You can run MapReduce jobs based on yarn in pseudo distributed mode by setting some parameters and running the ResourceManager daemon and the NodeManager daemon.

The following operation assumes that the (1) ~ (4) step of the above instruction has been executed. (1) parameter configuration ①etc/hadoop/mapred-site.xml

<configuration> <property> <name>mapreduce.framework.name</name> <value>yarn</ Value> </property> </configuration> ②etc/hadoop/yarn-site.xml
<configuration> <property> <name>yarn.nodemanager.aux-services</name> <value> Mapreduce_shuffle</value> </property> </configuration> (2) start the ResourceManager daemon and the NodeManager daemon <

Contact Us

The content source of this page is from Internet, which doesn't represent Alibaba Cloud's opinion; products and services mentioned on that page don't have any relationship with Alibaba Cloud. If the content of the page makes you feel confusing, please write us an email, we will handle the problem within 5 days after receiving your email.

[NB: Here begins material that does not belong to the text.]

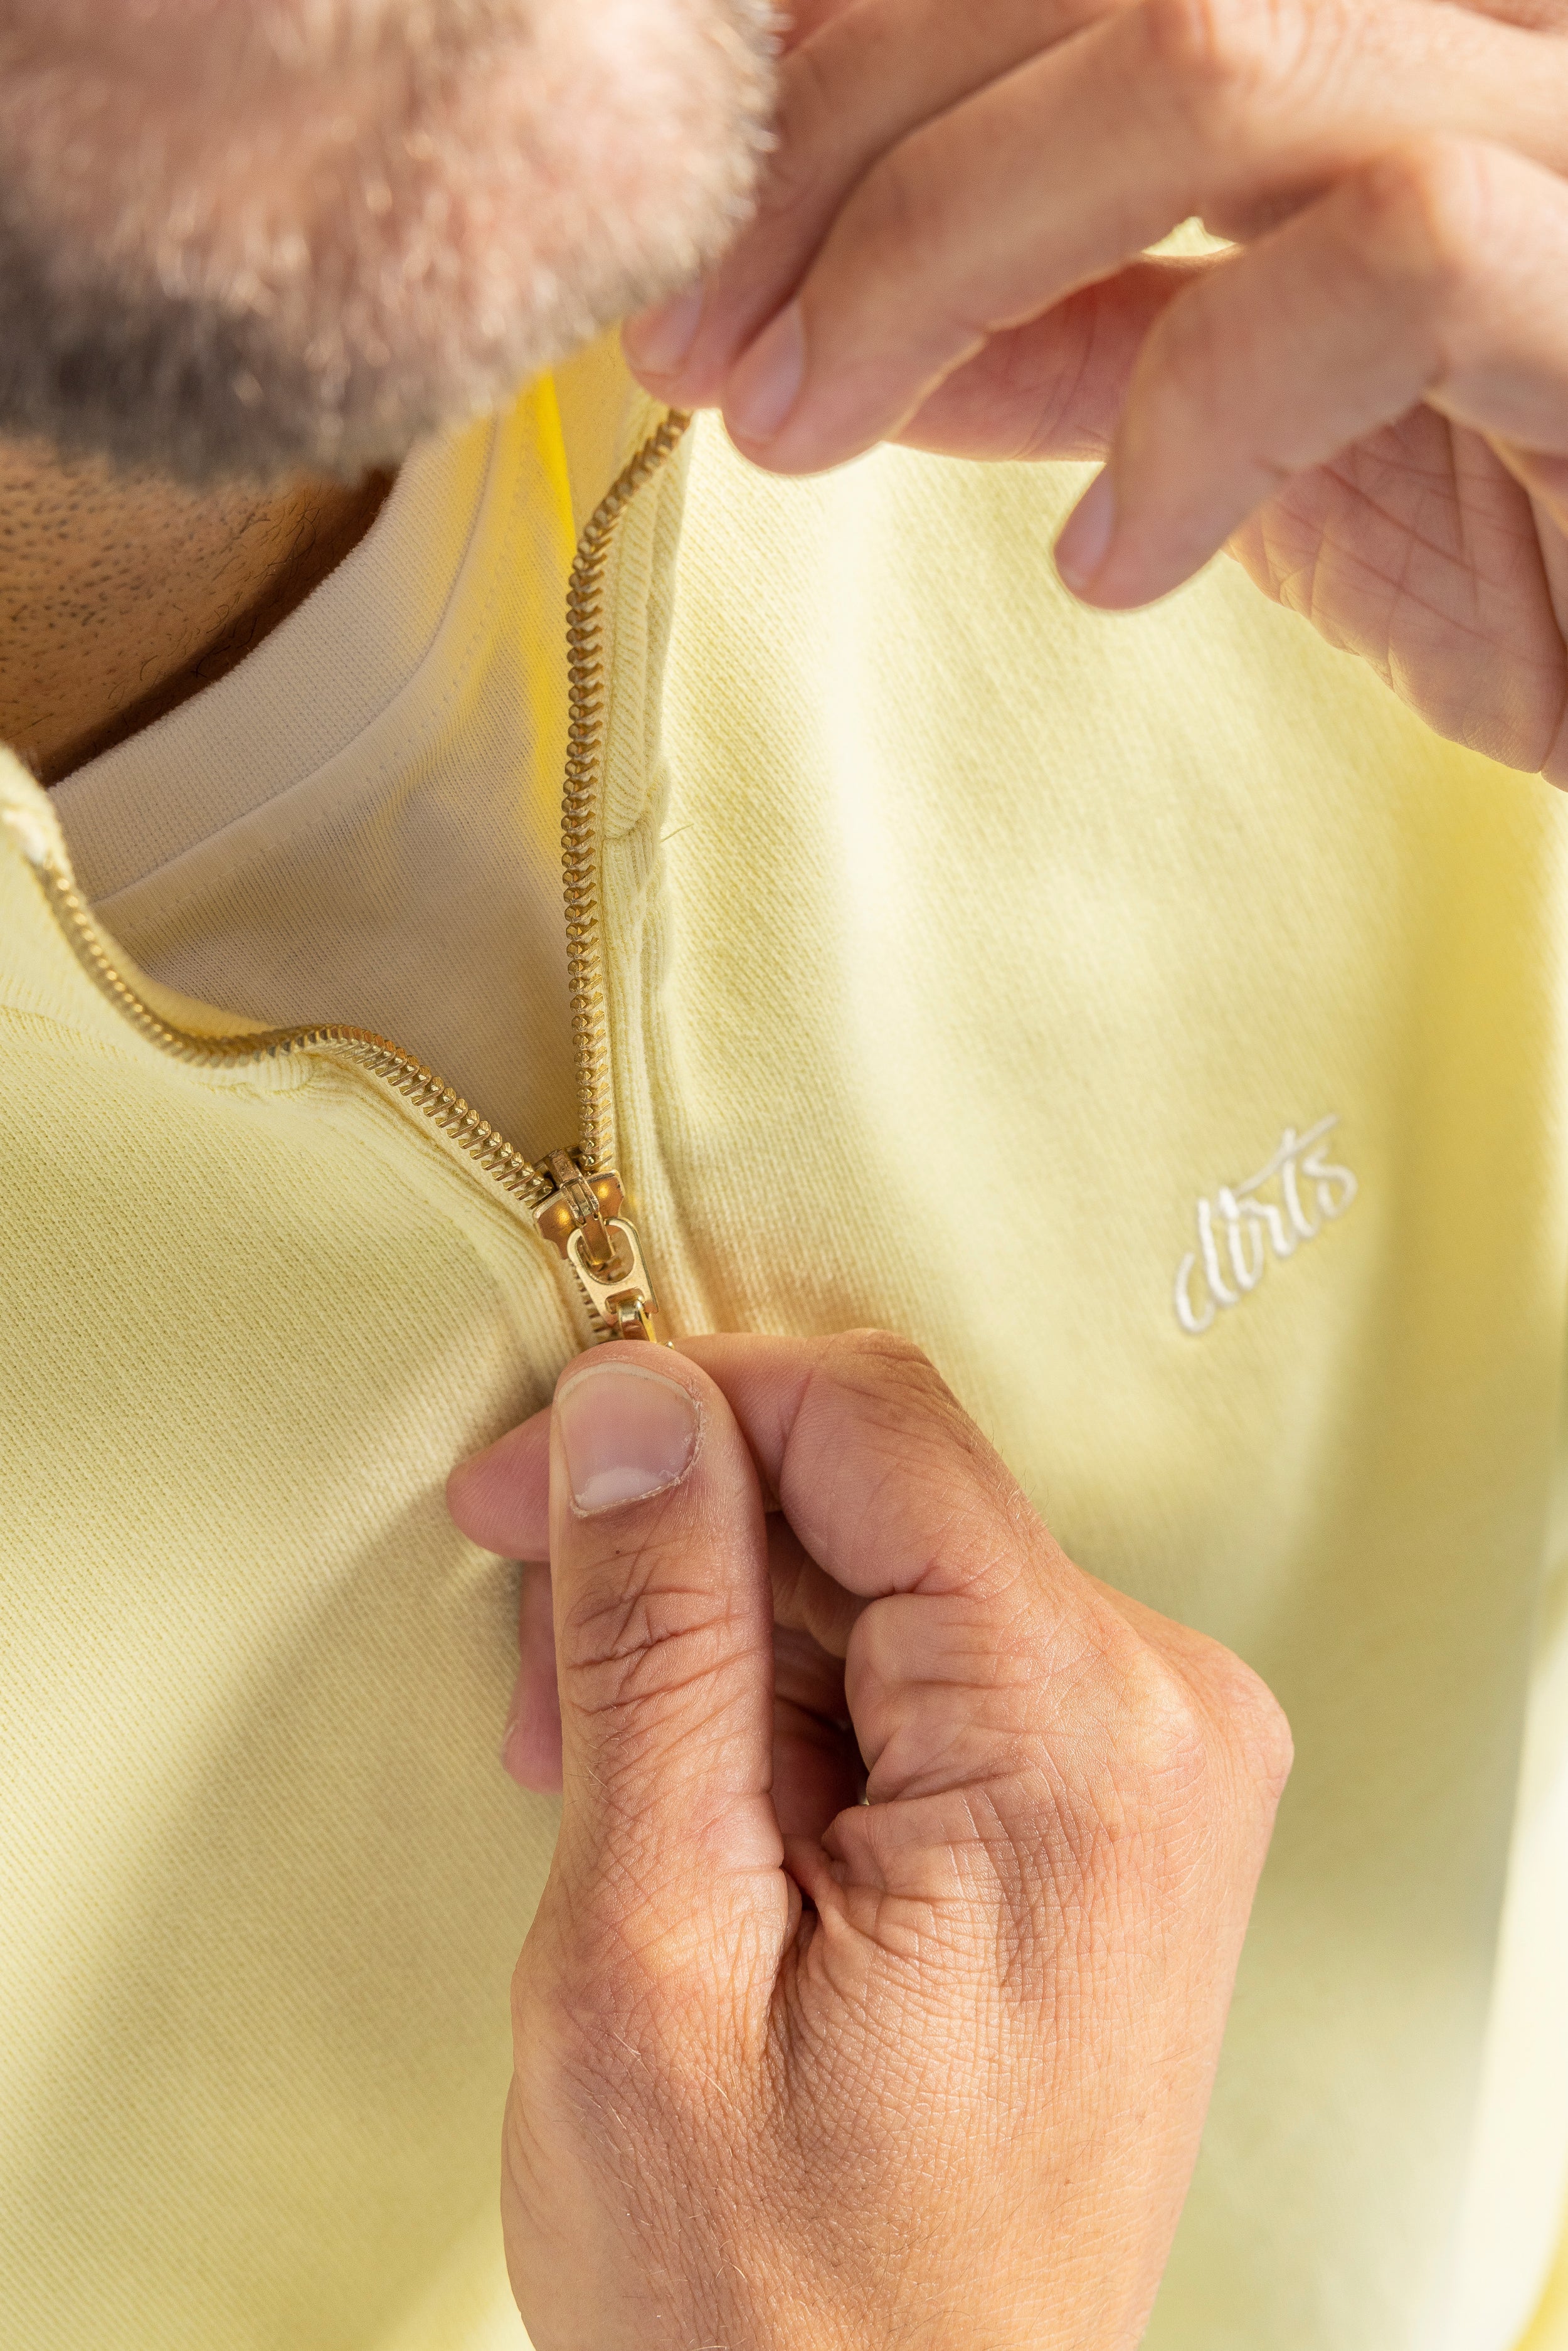 Yellow sweater quarter zip raglan made of 100% organic cotton from DIRTS

If you find any instances of plagiarism from the community, please send an email to: info-contact@alibabacloud.com and provide relevant evidence. A staff member will contact you within 5 working days.

A Free Trial That Lets You Build Big!

Start building with 50+ products and up to 12 months usage for Elastic Compute Service

  • Sales Support

    1 on 1 presale consultation

  • After-Sales Support

    24/7 Technical Support 6 Free Tickets per Quarter Faster Response

  • Alibaba Cloud offers highly flexible support services tailored to meet your exact needs.